Without including any pictures, reproduce all the lines below word for word.

DATA BLOCK>
_ _ _ _
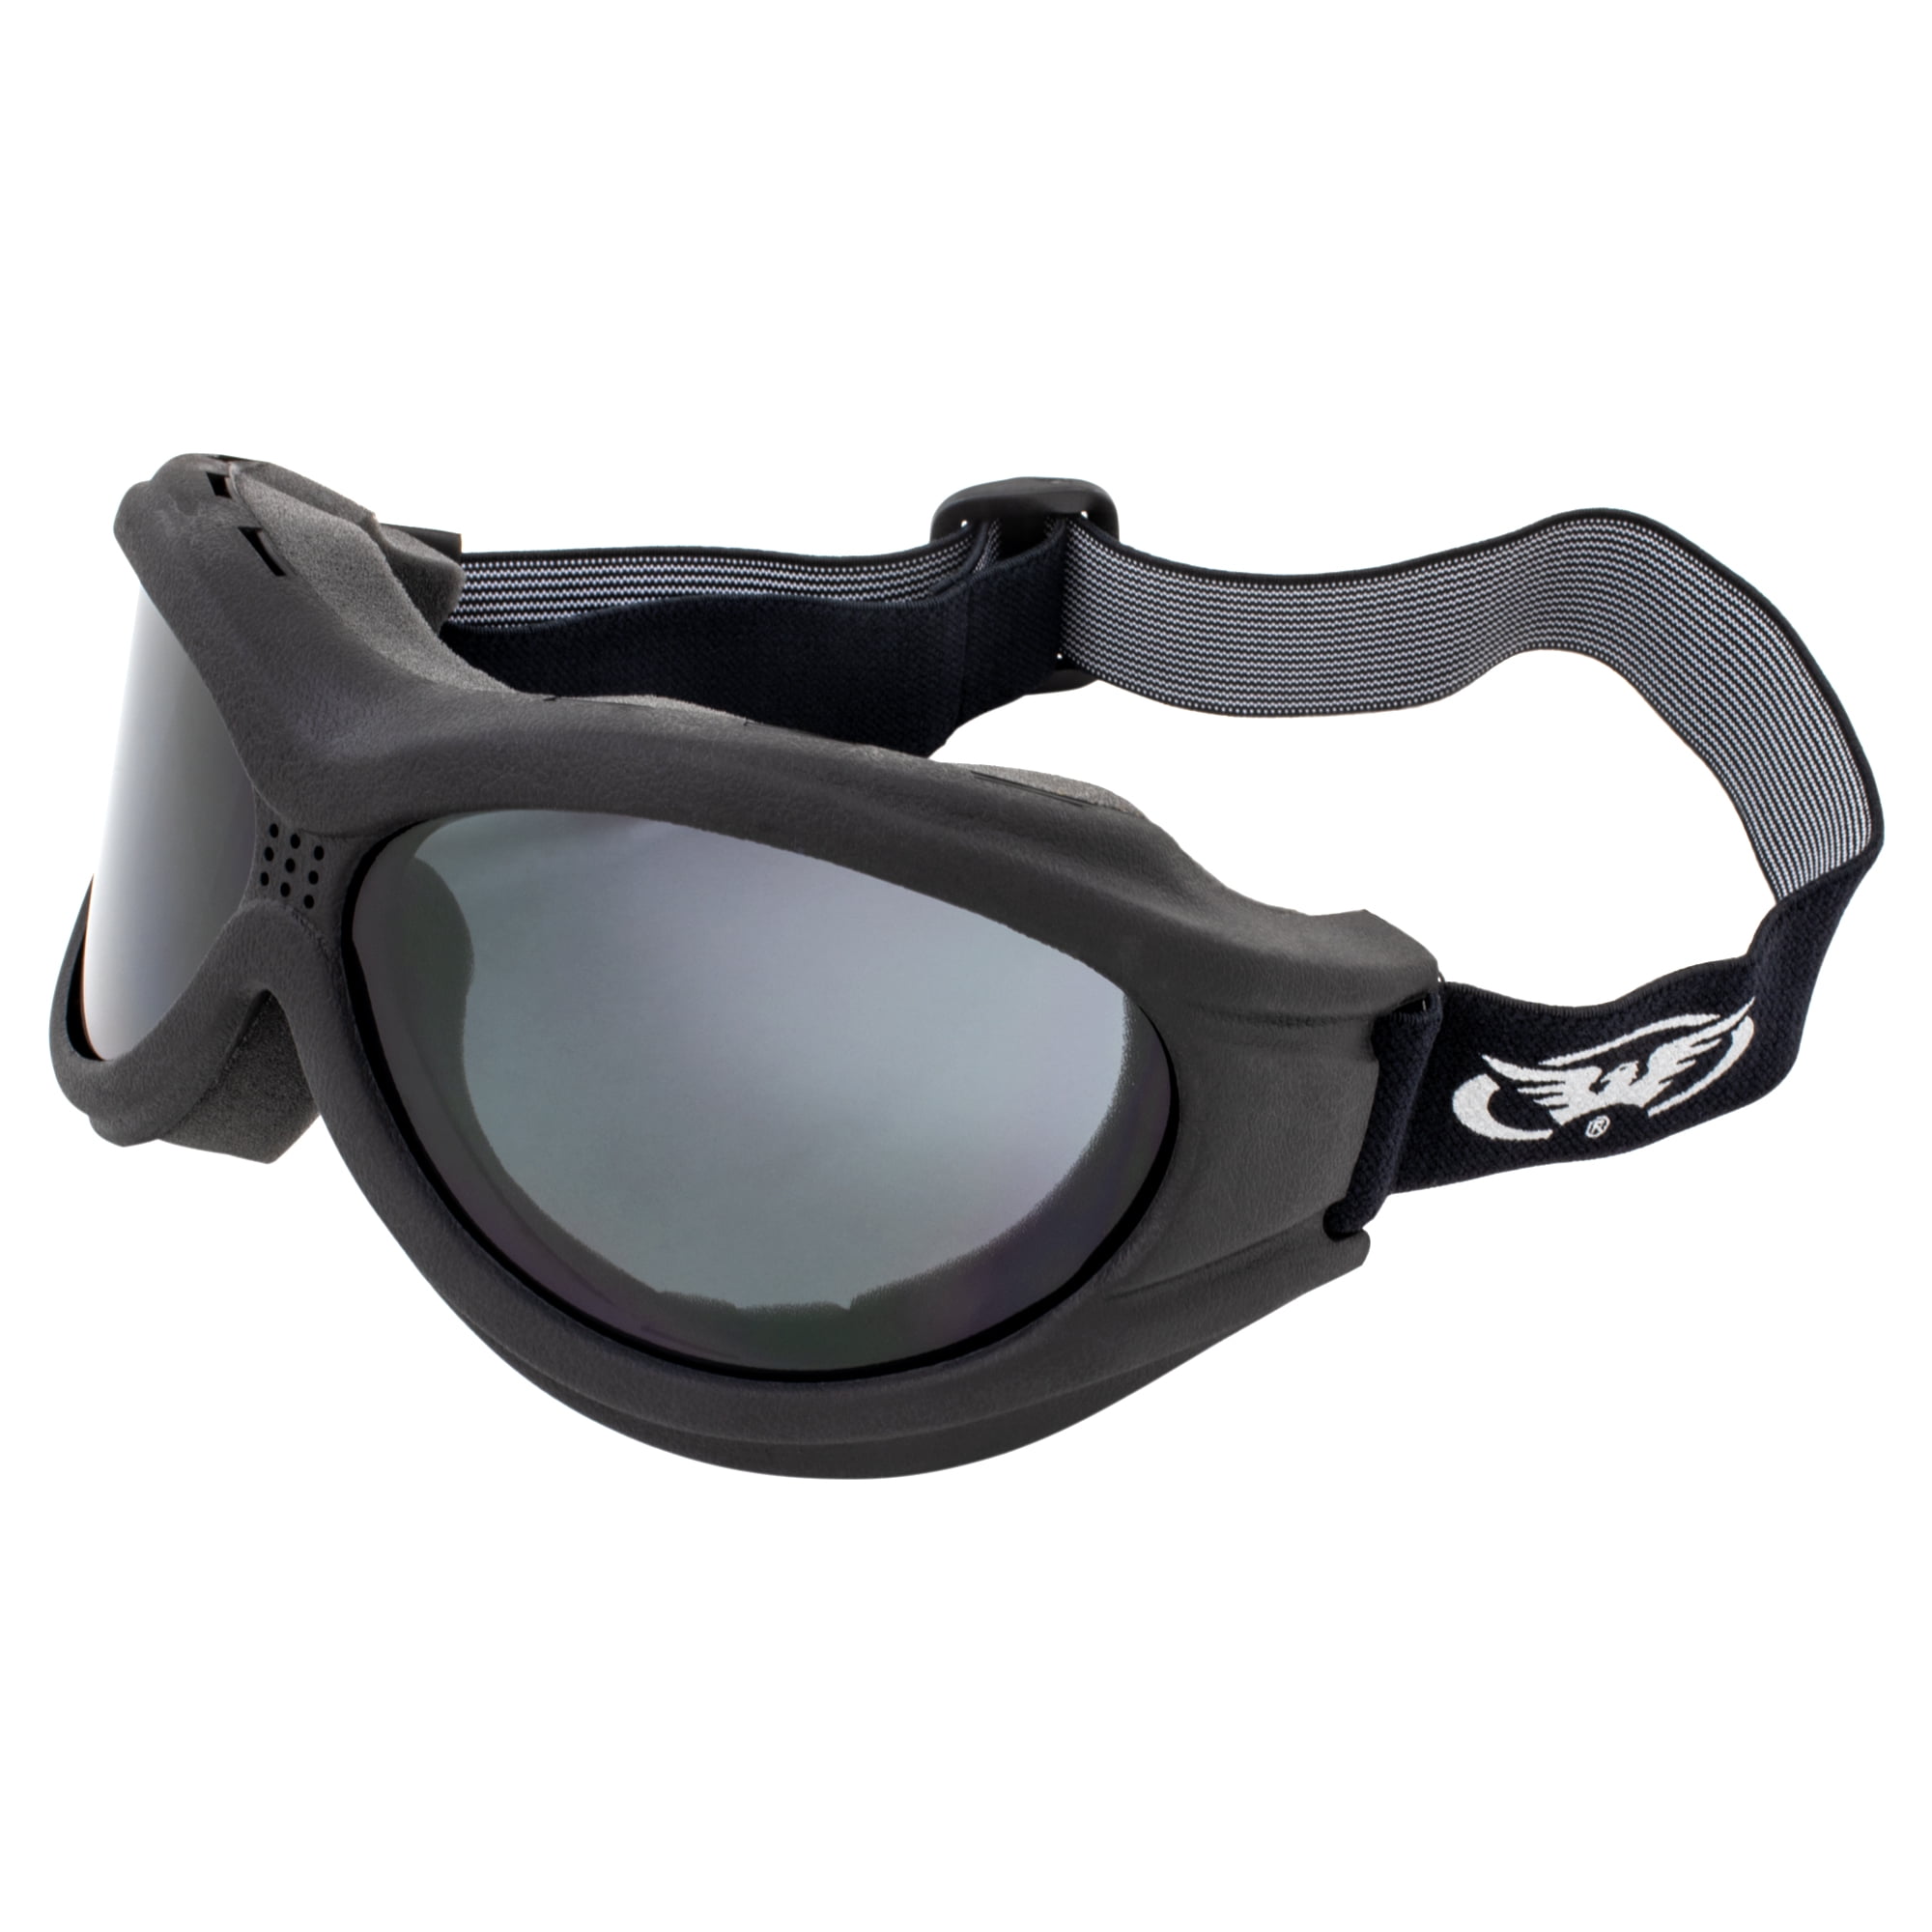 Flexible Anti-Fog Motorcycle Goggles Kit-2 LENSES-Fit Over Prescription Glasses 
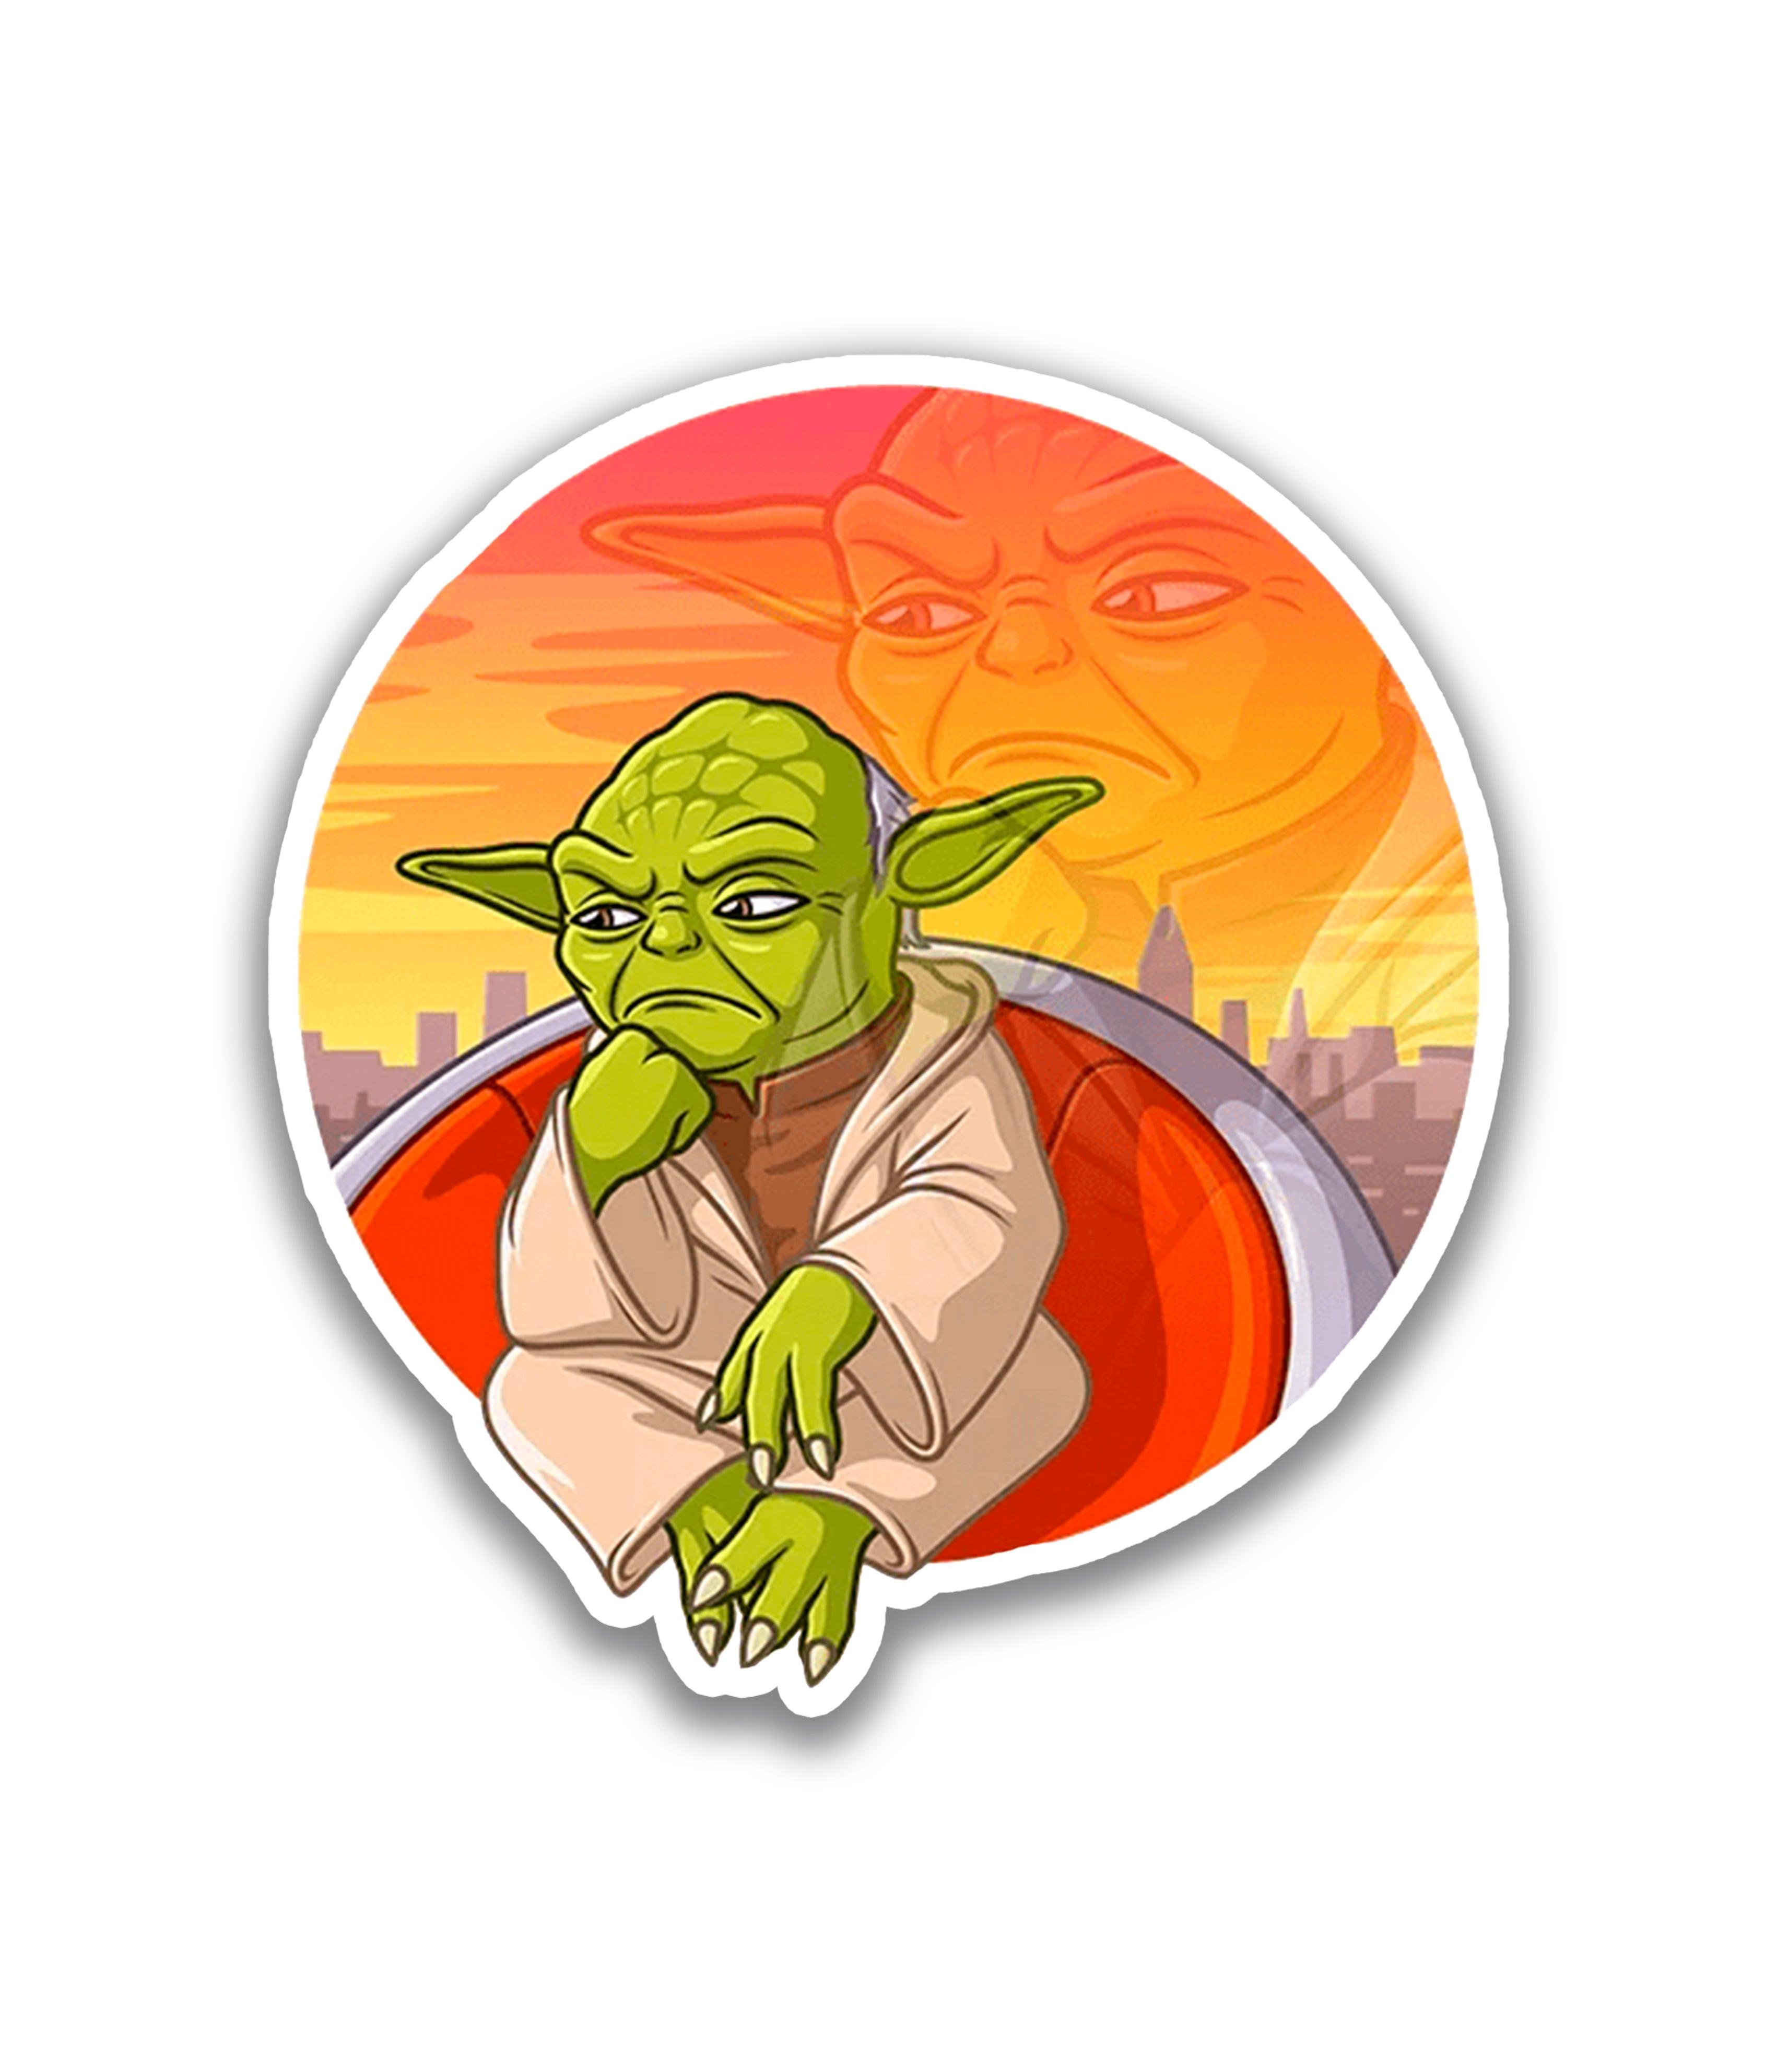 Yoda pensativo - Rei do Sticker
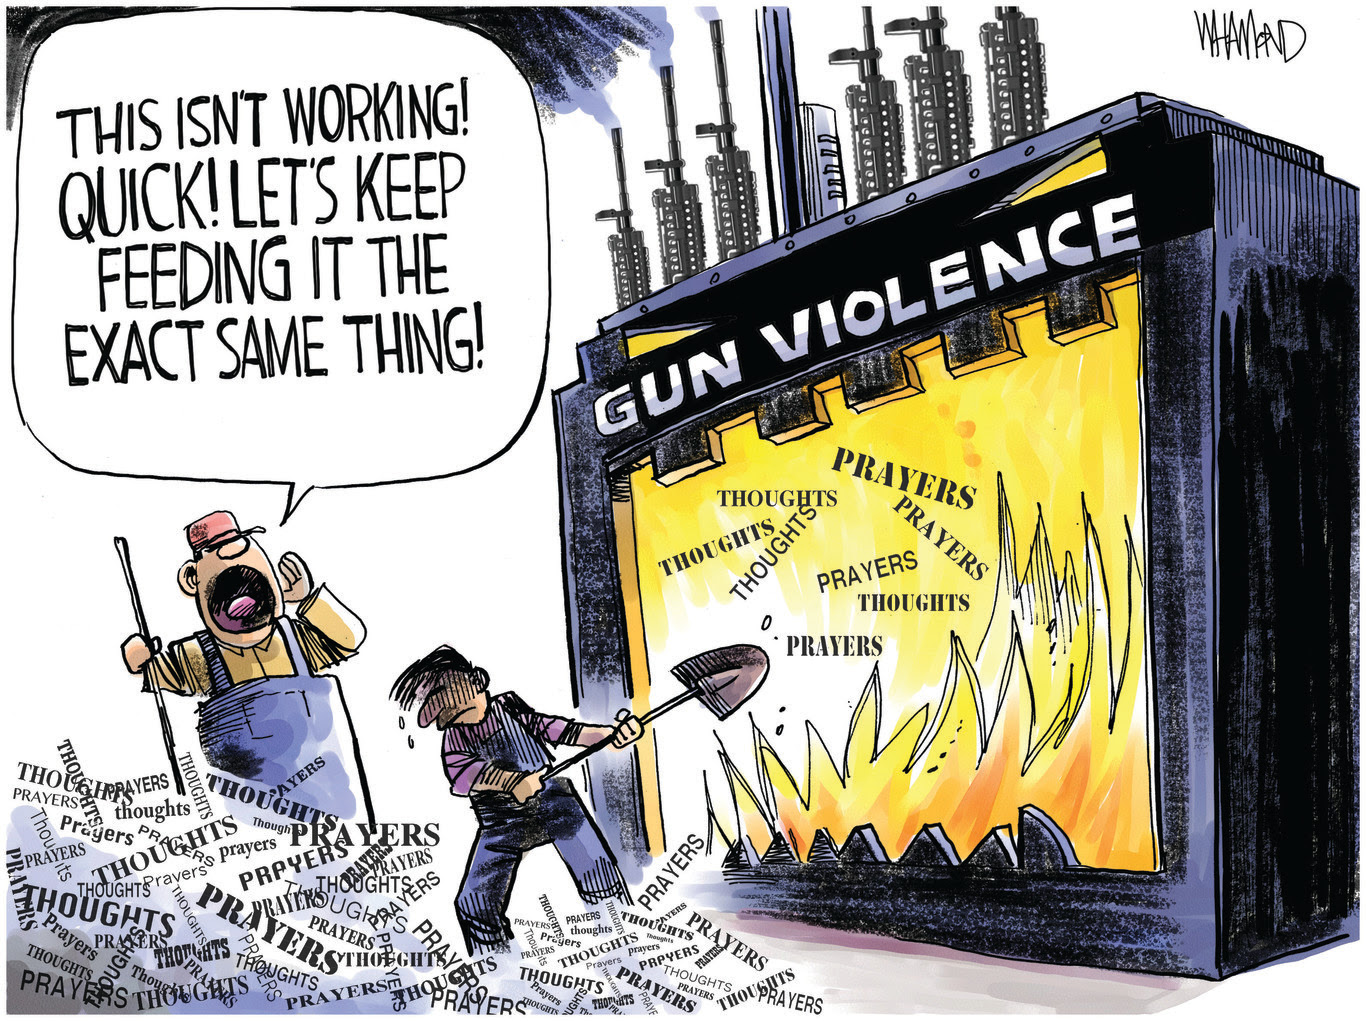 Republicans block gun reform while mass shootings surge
_ _ _ _
PROBLEM SOLUTION>
 Flexible Anti-Fog Motorcycle Goggles Kit-2 LENSES-Fit Over Prescription Glasses 
 Yoda pensativo - Rei do Sticker
 Republicans block gun reform while mass shootings surge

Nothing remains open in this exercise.